LOST HOSPITALS OF LONDON

Shabden Park Hospital
High Road, Chipstead, Surrey CR5
Medical dates:

Medical character:
1938 - 1976

Chronic (female)

In 1937, after the death of its owner, Lord Marshall (once the Lord Mayor of London), Shabden Park and its 40-acre estate were purchased by Surrey County Council for £2,795.

The Shabden Park Home opened in March 1938 as a 'temporary' Council care home for chronically ill elderly females.  The spacious mansion had a wide view over parkland.  It had a wide wooden staircase, but no lift.  Therefore, the more mobile patients were accommodated on the ground floor, where they would have access to the gardens, while the permanently bedfast occupied the upper floor.

During WW2 the Home joined the Emergency Medical Service (EMS) under the control of King's College Hospital.  It had 48 beds and 29 EMS beds for the use of civilian and military war casualties.

In 1944 plans were made to extend the accommodation and to convert the Home into a Sanatorium for TB patients, but nothing came of this.

In 1948 the Home joined the NHS under the administration of the Epsom Group Hospital Management Committee, part of the South West Metropolitan Regional Hospital Board.  It became an annexe of Epsom District Hospital and was renamed Shabden Park Hospital.  It had 50 beds (of which 42 were staffed) for chronically sick female patients.  By 1949 44 of 52 beds were open.

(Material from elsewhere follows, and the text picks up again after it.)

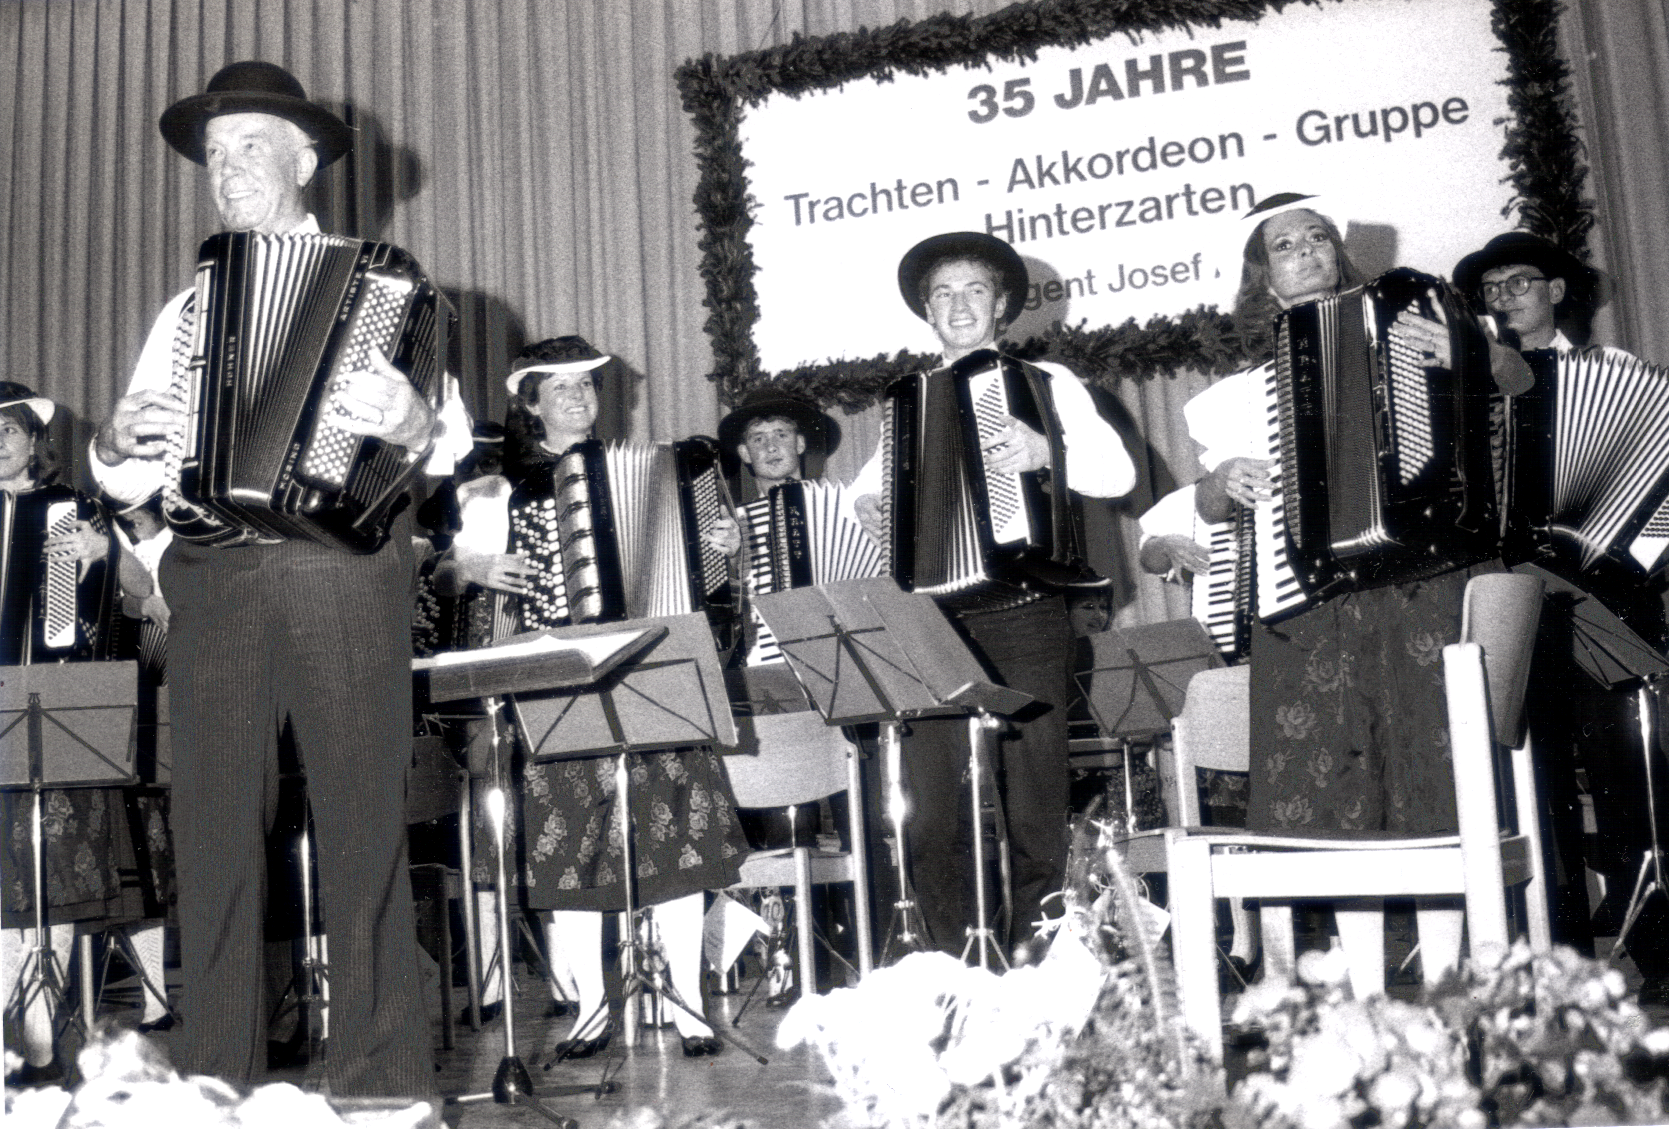 Dirigentenwechsel und Jubiläum 35 Jahre Trachten-Akkordeongruppe - Oktober 1991
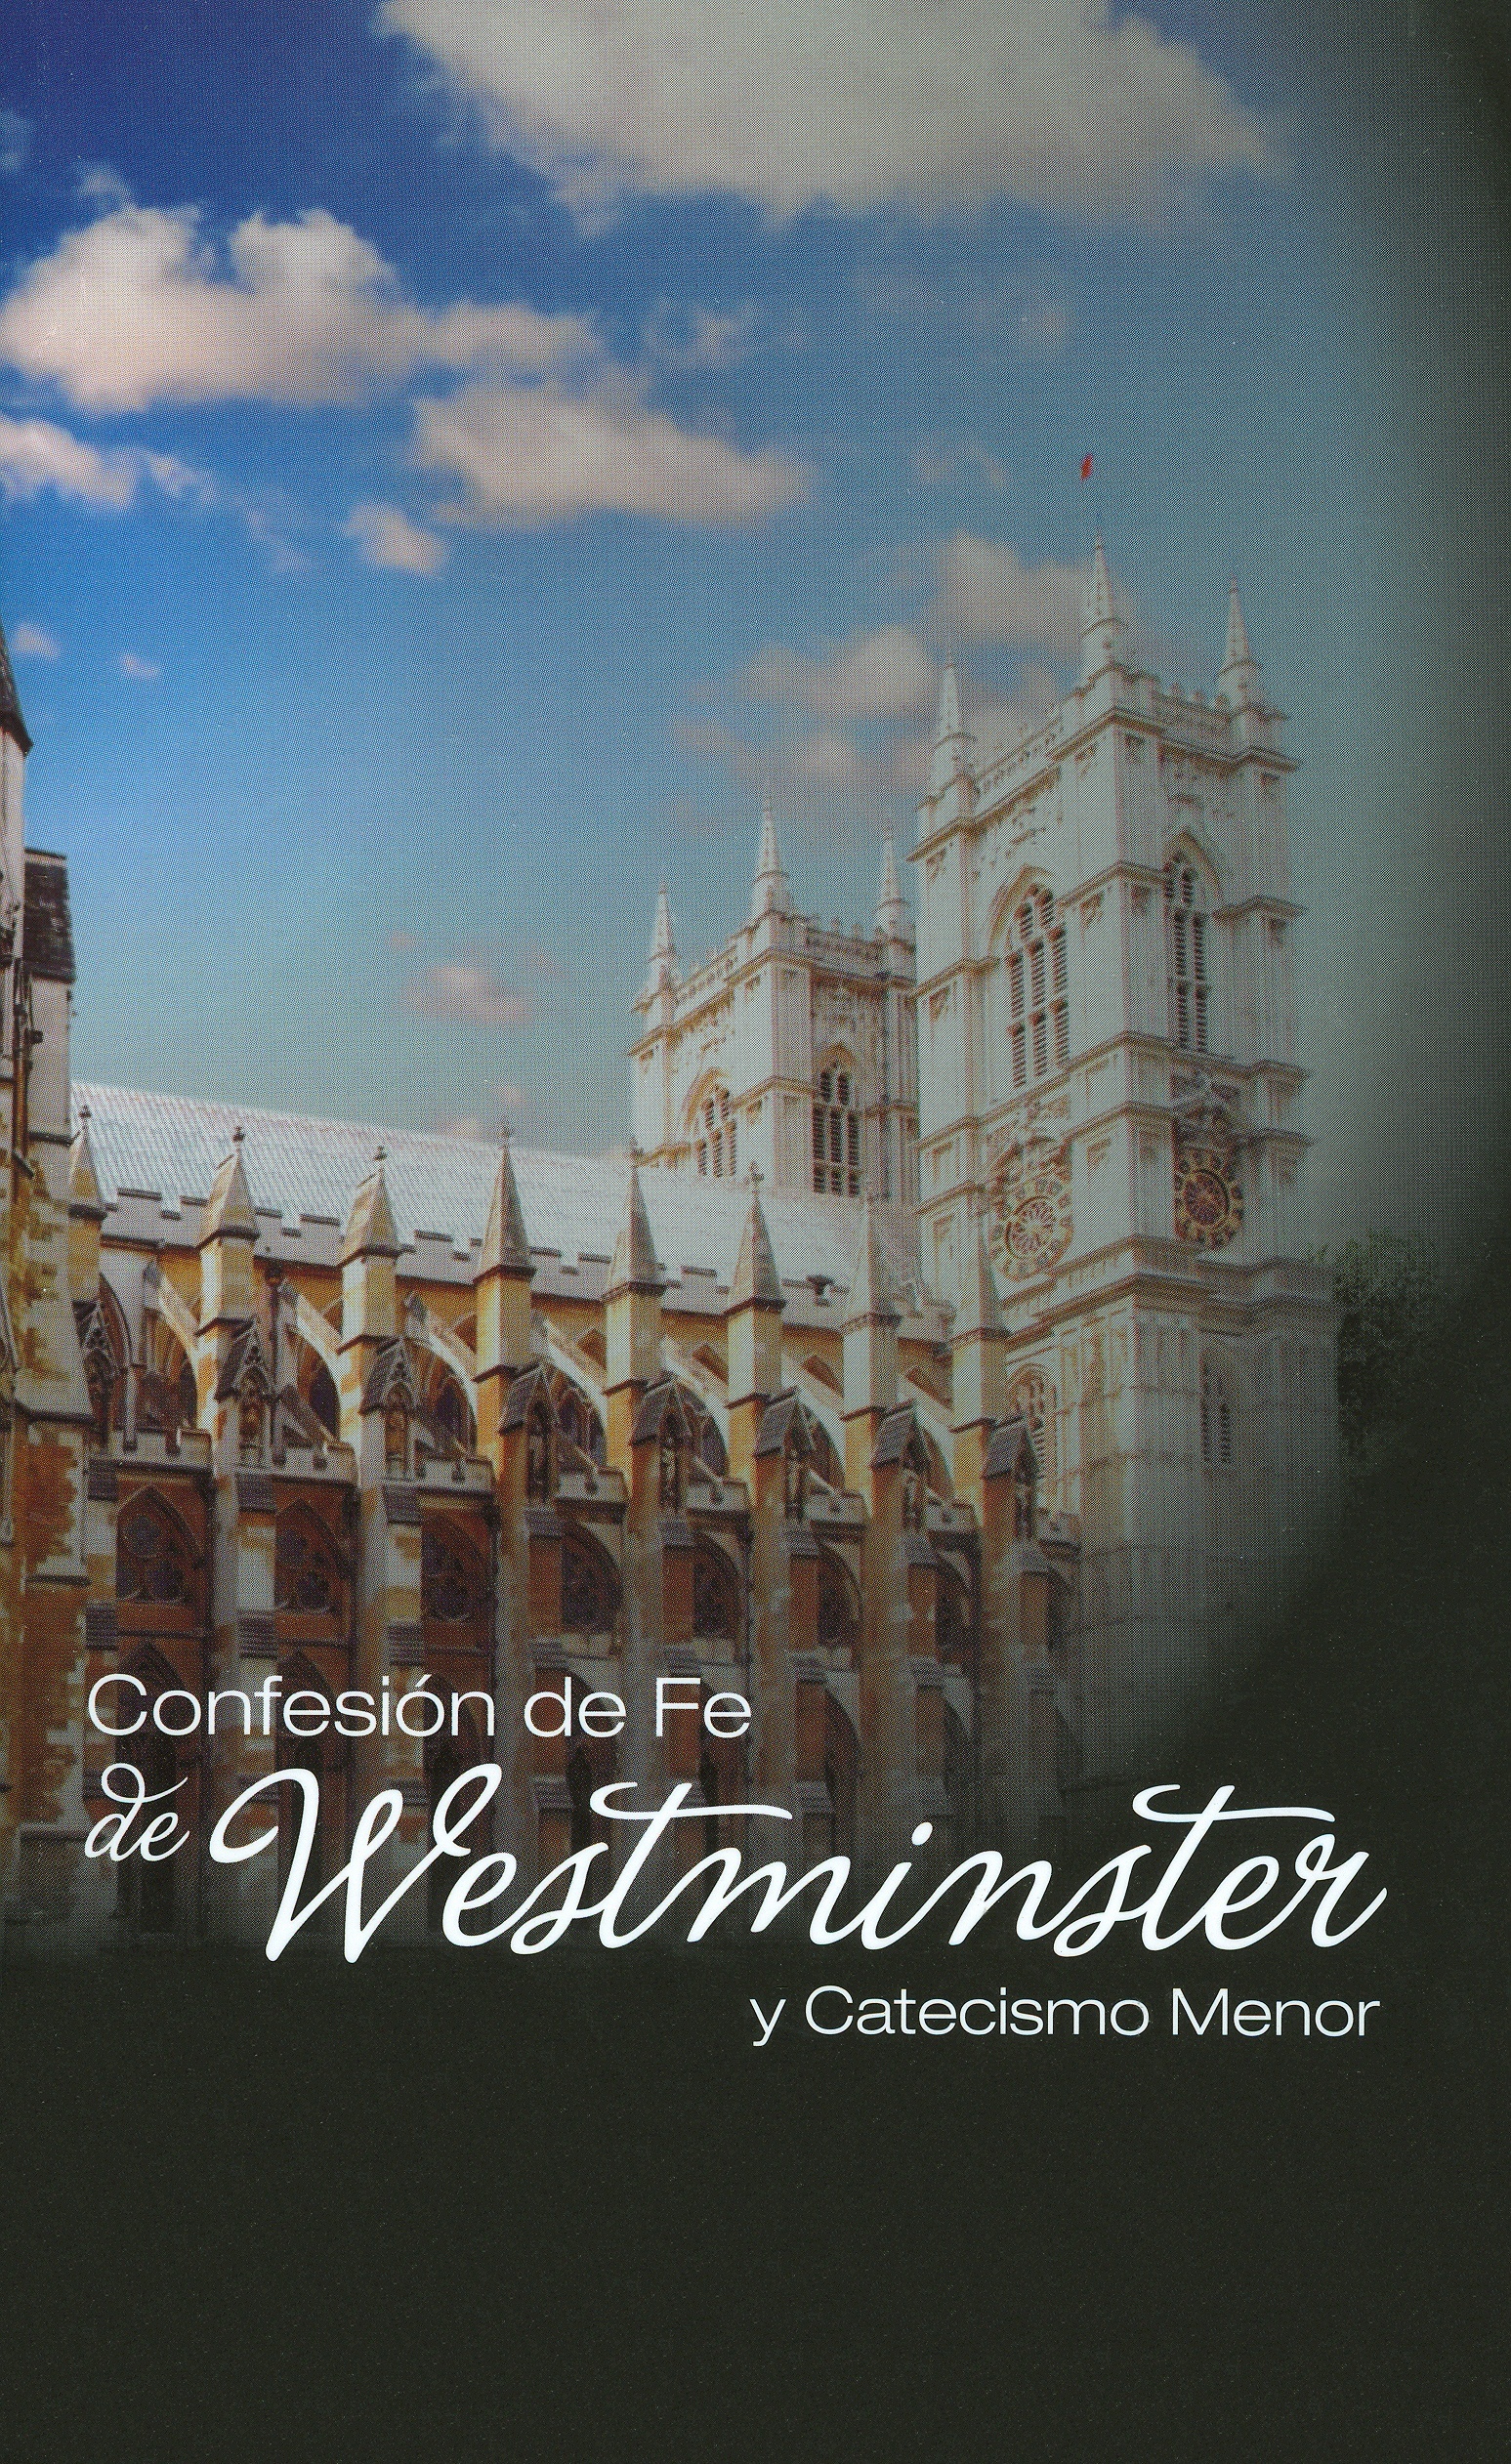 Book Cover For 'Confesion De Fe De Westminster'

In 1950 the Hospital had 56 beds.  The average bed occupancy was 43.

In 1955 the average bed occupancy was 98%.  The weekly cost of an in-patient was £6 5s 7d (£6.28).

By 1960 the Hospital had 60 beds.  The average stay for patients was one year, at a weekly cost of  £10 9s 4d (£10.47).  Bed occupancy was at an average of 93%.

In 1965 the average bed occupancy was 98%.  The weekly cost of an in-patient was £16 1s 2d (£16.06).

In 1966 the wooded land to the rear of the Hospital was sold to Surrey County Council.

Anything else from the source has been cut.